*Given information*

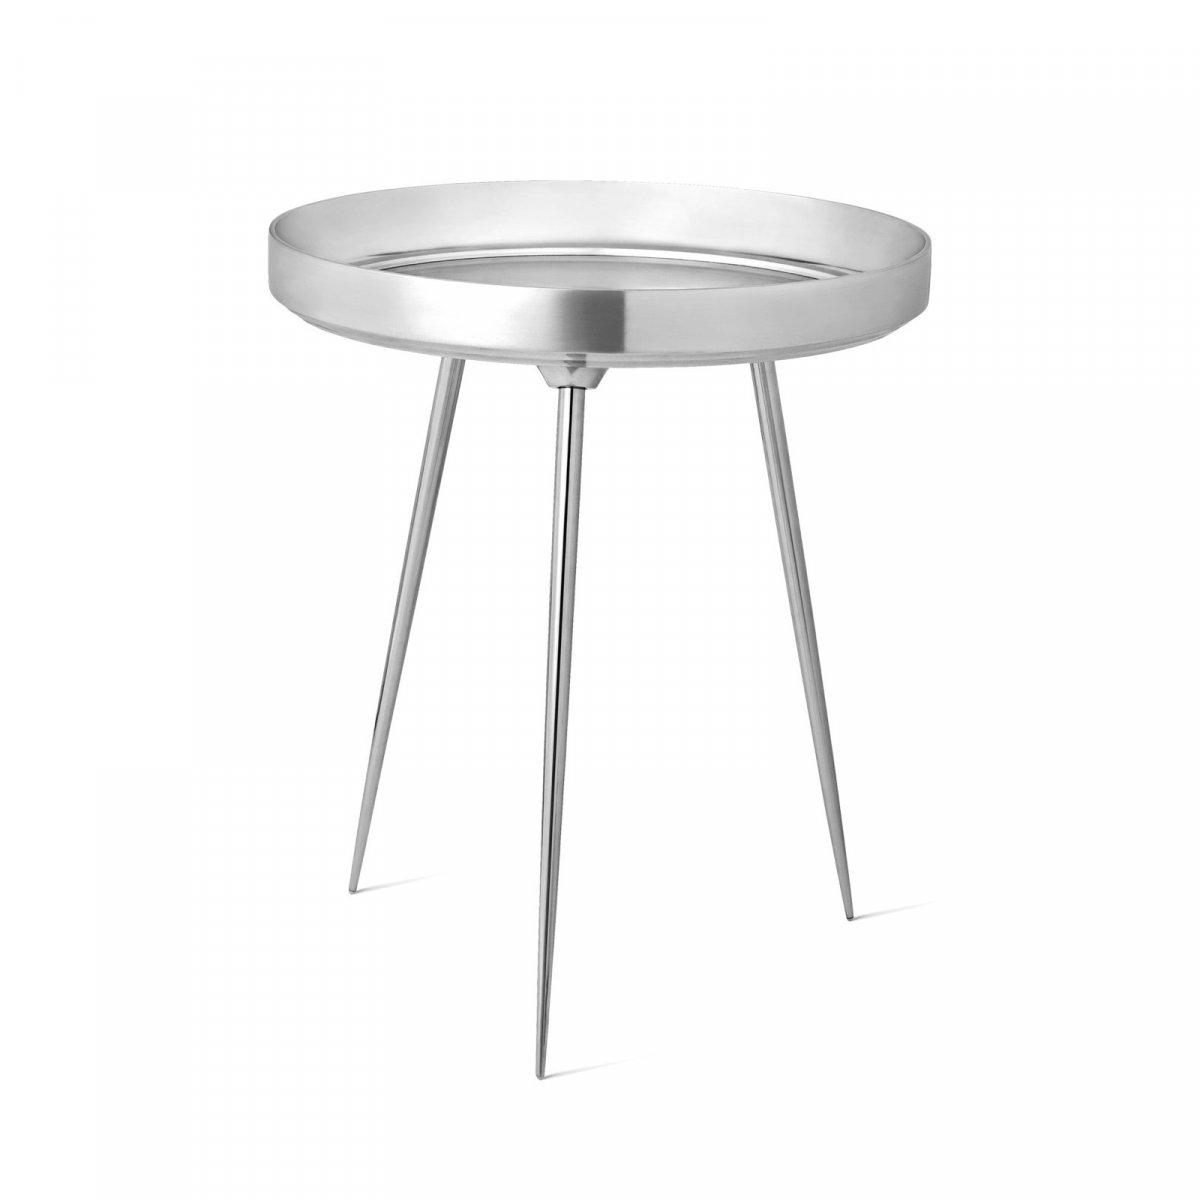 Alu Bowl Table, polished.
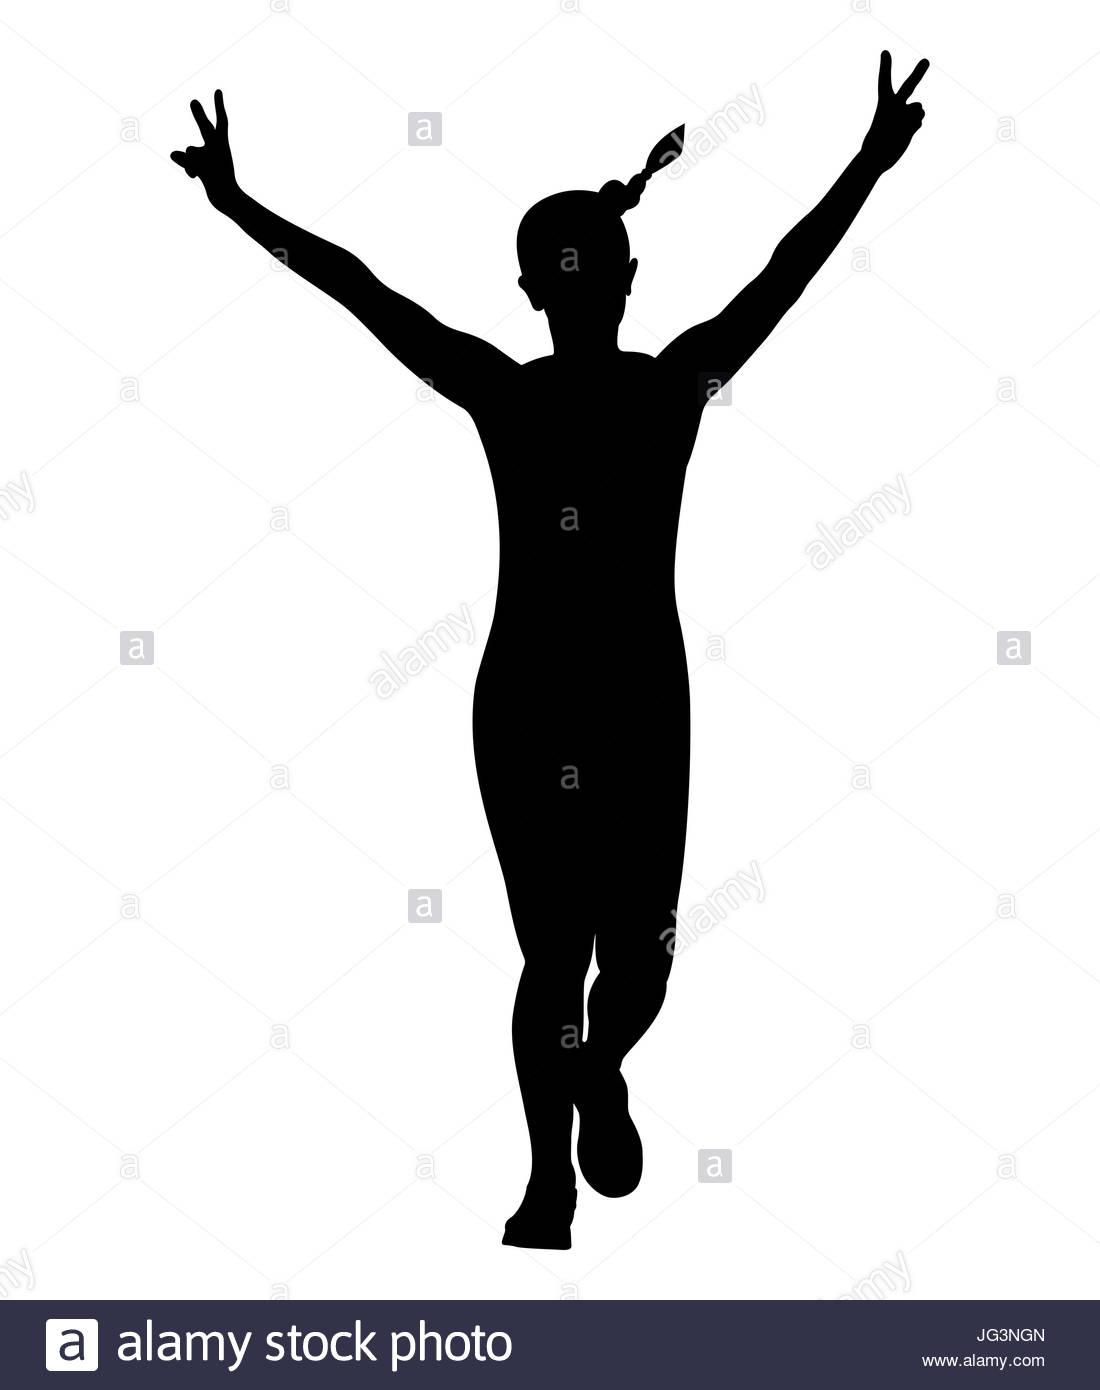 1100x1390 Girl Running Hand Peace Symbols Black Silhouette Stock Photo
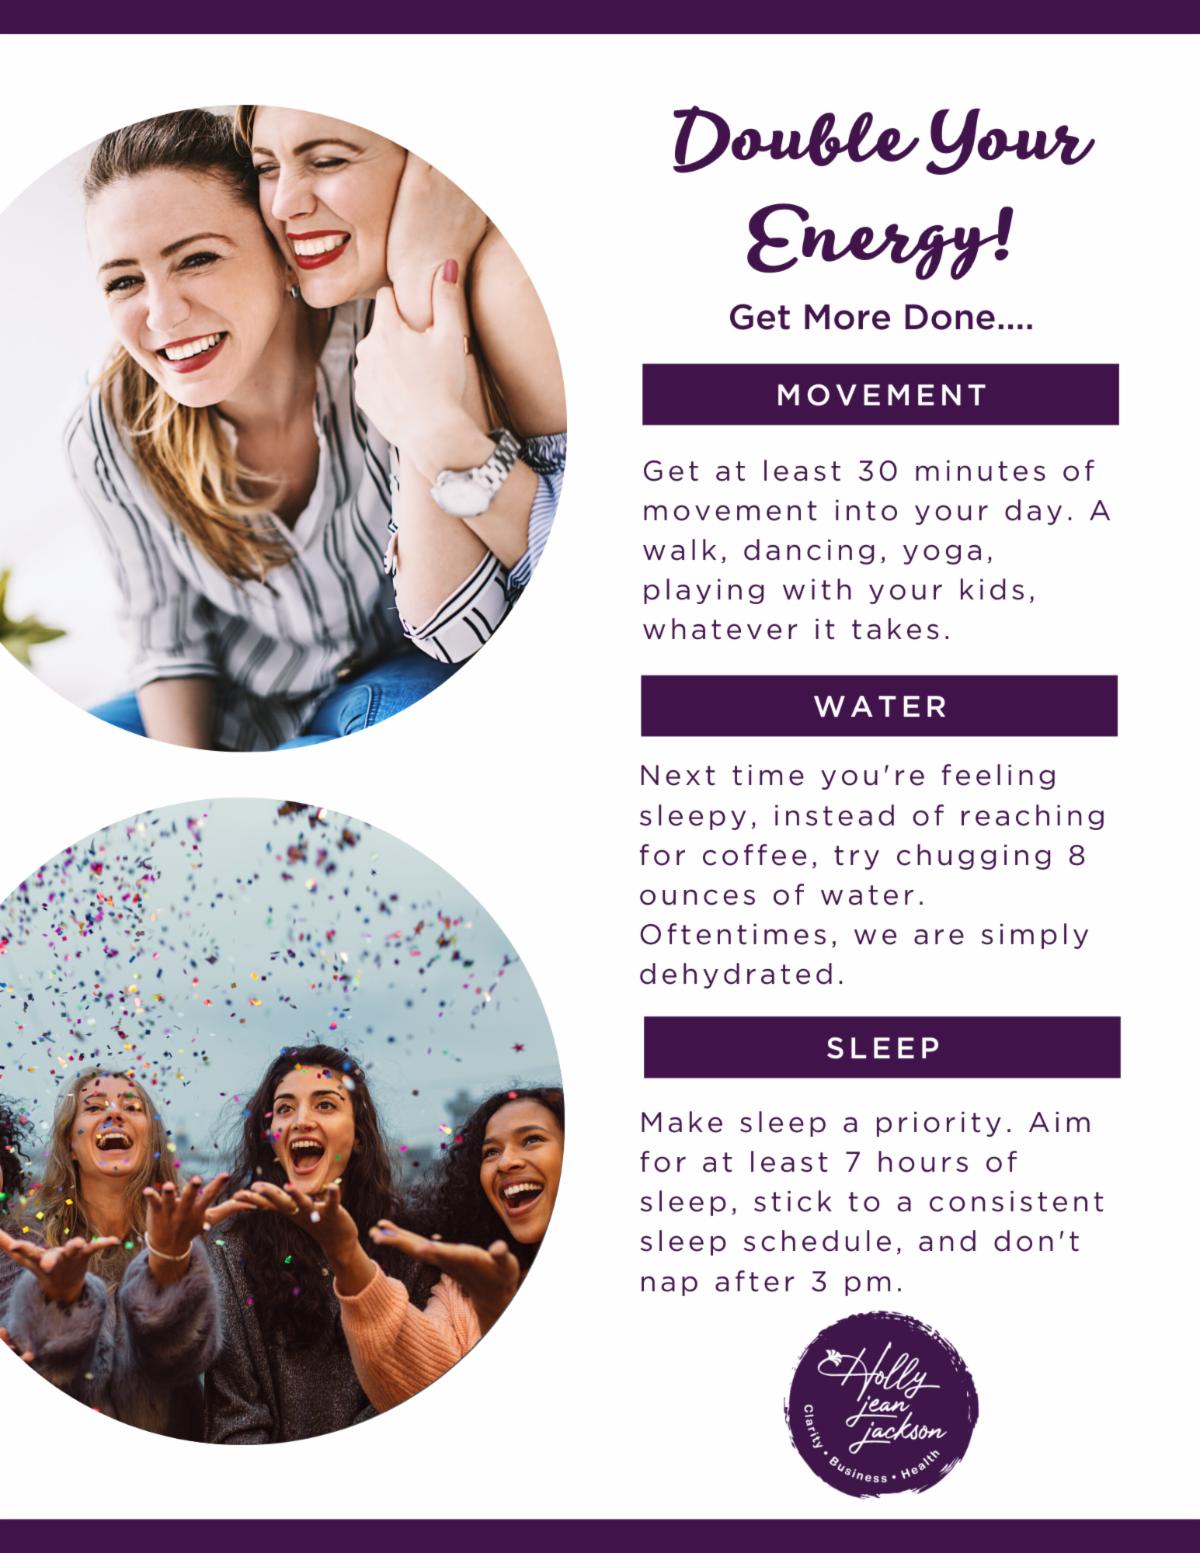 Double Your Energy

*What to work on*
The whole listing should be printed again exactly as written, images excluded.

*Output for this exercise*
 Alu Bowl Table, polished.
 1100x1390 Girl Running Hand Peace Symbols Black Silhouette Stock Photo
 Double Your Energy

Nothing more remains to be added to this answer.